— Ну и шут гороховый, — отозвалась Лу маминым эхом.

— Эти оздоровительные препараты надо запретить! — злобно произнесла я. — И автомобили, и все эти магазины товаров для здоровья, и вообще весь Норланд6! Стереть с карты!

— Ты со мной говоришь или с кем? — вздохнула Лу, пытаясь распутать пряди волос, только что выкрашенных в рыжий цвет.

— Тебе и дела нет до папы, да? — я встала между ней и зеркалом.

— Конечно, есть, но мне все это осточертело! — она уронила руки, все в рыжих пятнах, на колени.

— Что — это?

— Вся эта морока.

— Потому что ты интересуешься только собственной персоной!

— Неправда — ну скажи, неправда! — голос у нее стал жалобный.

— Сначала докажи!

— Уходи!

— Ладно.

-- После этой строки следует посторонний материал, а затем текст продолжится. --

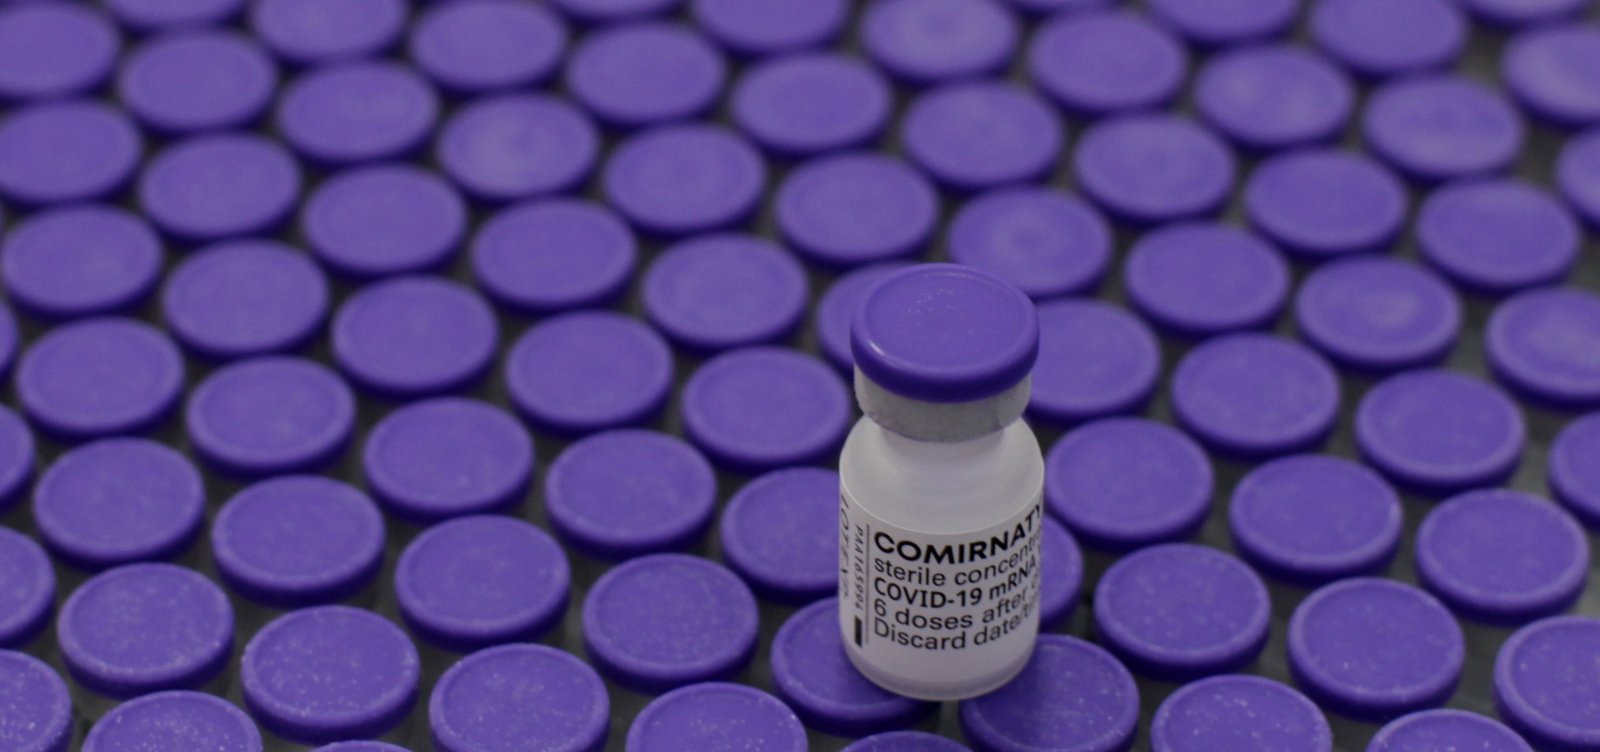 Cidades baianas perdem mais de 1,3 mil doses de vacinas contra Covid-19
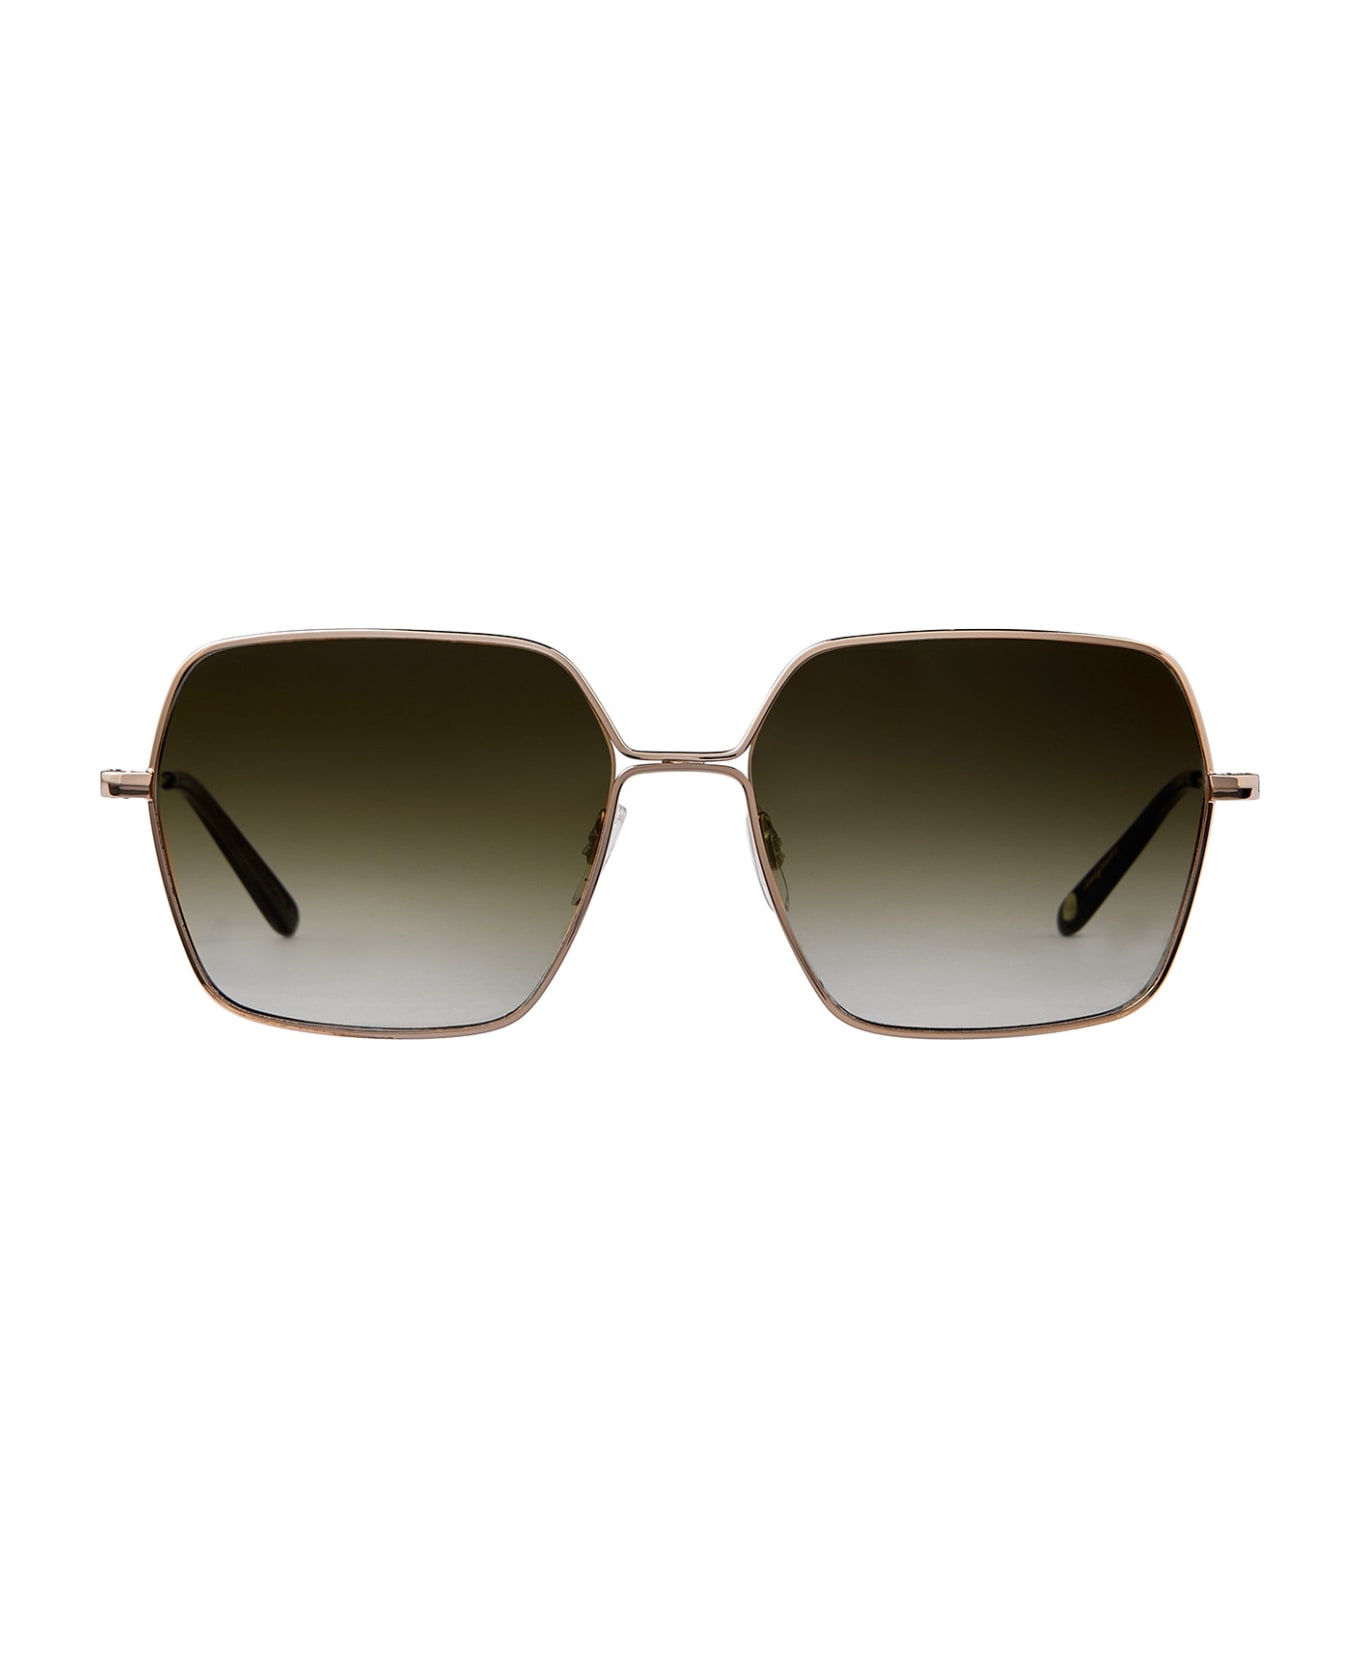 Garrett Leight Meadow Sun Gold-douglas Fir/olive Gradient Sunglasses - Gold-Douglas Fir/Olive Gradient

Уйду. Продолжай в том же духе, раз тебе плевать на остальных! Раз папа тебя не интересует!

Иногда я жалела, что эта эгоистка — моя сестра. Например, как в этот раз.

На следующий день я решила, что так просто моей сестре не отвертеться.

Учебное время тянулось бесконечно медленно. За окном, тяжело опускаясь, кружили большие хлопья мокрого снега. На уроке английского я поняла, что нужно делать.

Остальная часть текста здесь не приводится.